Dr.W.Sutherland sprach vom „Atem des Lebens“. Diese Kraft lässt uns vom Embryo heranwachsen, durchströmt und belebt uns von innen. Sie sorgt für Regeneration und Gesund-Erhaltung.

Traumata und Verletzungen bringen uns aus der Balance. Der Körper versucht das auszugleichen, oft aber auf Kosten der Symmetrie. Eine kleine Fehlstellung hat Auswirkungen auf den gesamten Organismus. Es wird daher immer das Ganze behandelt.

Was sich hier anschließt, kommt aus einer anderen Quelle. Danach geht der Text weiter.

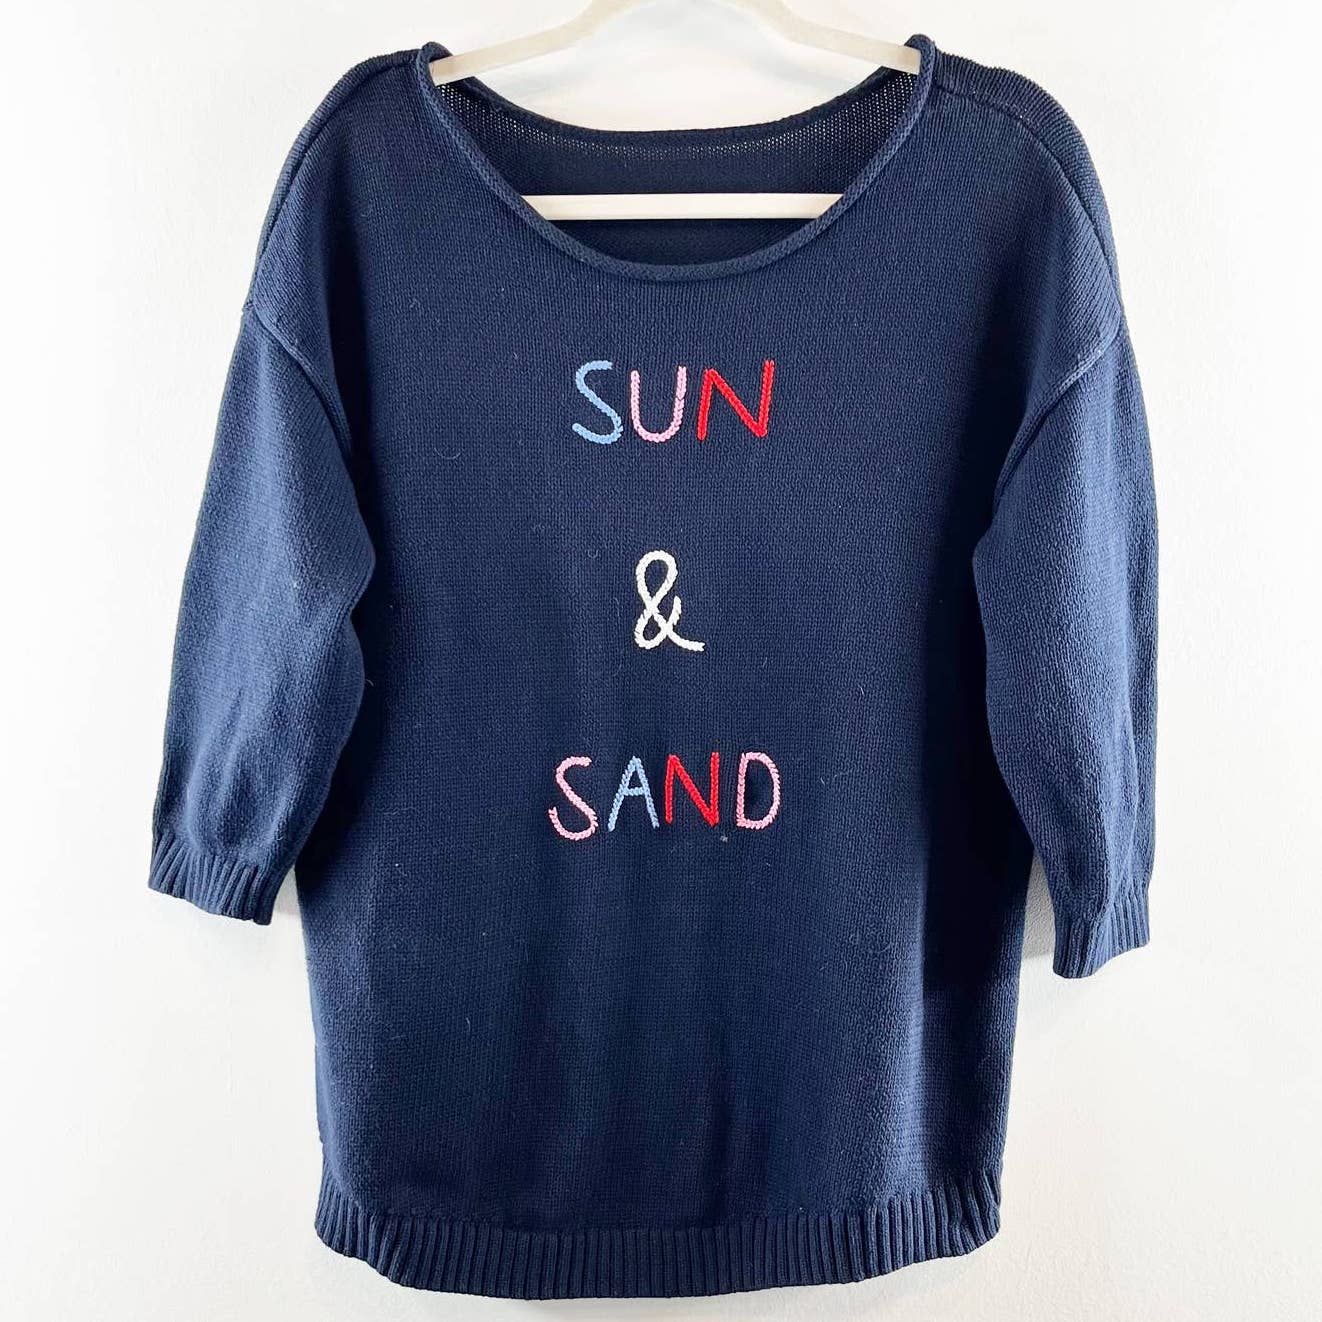 Talbots Embroidered Sun & Sand 3/4 Sleeve Roll Neck Pullover Sweater Navy Blue
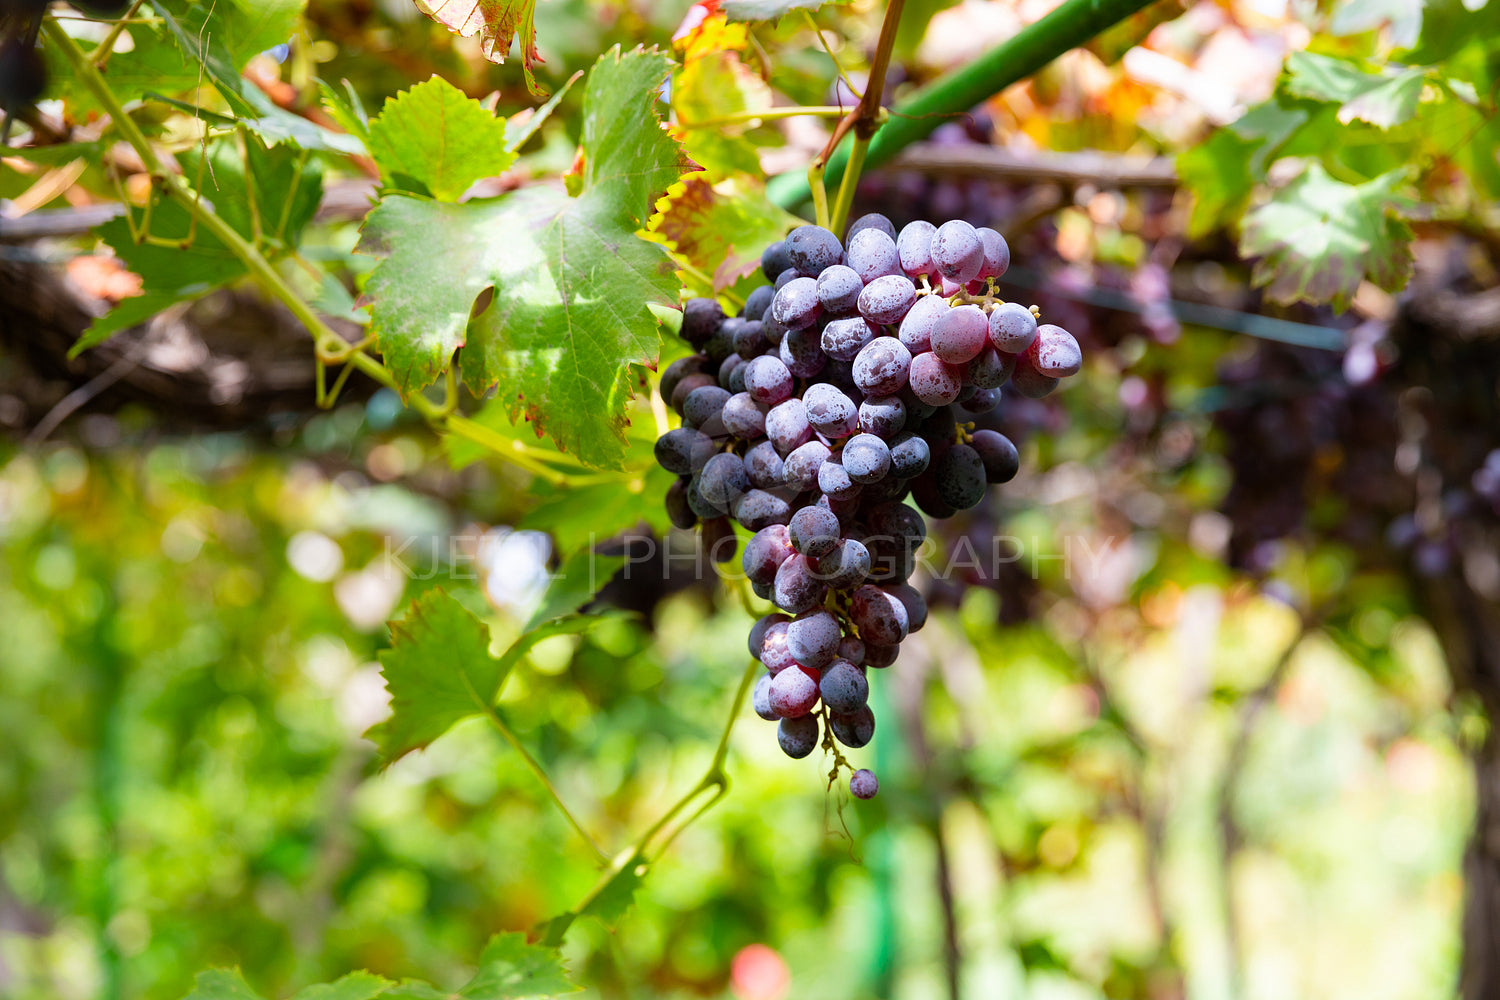 Organic Bunches of Grapes for Wine Production Growing At Vineyard

Beispiel: Ein verstauchter Knöchel mit Schon-Hinken kann zu Kopfschmerzen führen.

Wie wirkt craniosacrale Therapie?
Unser Körper besteht zu über 90% aus Flüssigkeit. Wasser bewegt sich in Wellen und speichert Informationen. Wenn es sich staut, führt das zu Spannung, Festhalte-Mustern und Krankheit.
Bei der Therapie achtet man mehr auf das Heile und Gesunde in uns, auf das Potential, als auf das, was krank und gestört erscheint. So werden „Tore geöffnet“. Der Körper kann dann mit seinen eigenen lebendigen Kräften das tun, was er zur Gesundung braucht. Dies hat tiefere Wirkung, als nur ein vermeintliches Problem zu korrigieren.
Die direkte Erfahrung dieser natürlichen Kraft, die von sich aus immer nach Heilung strebt, kann das Vertrauen in uns und ins Leben wachsen lassen.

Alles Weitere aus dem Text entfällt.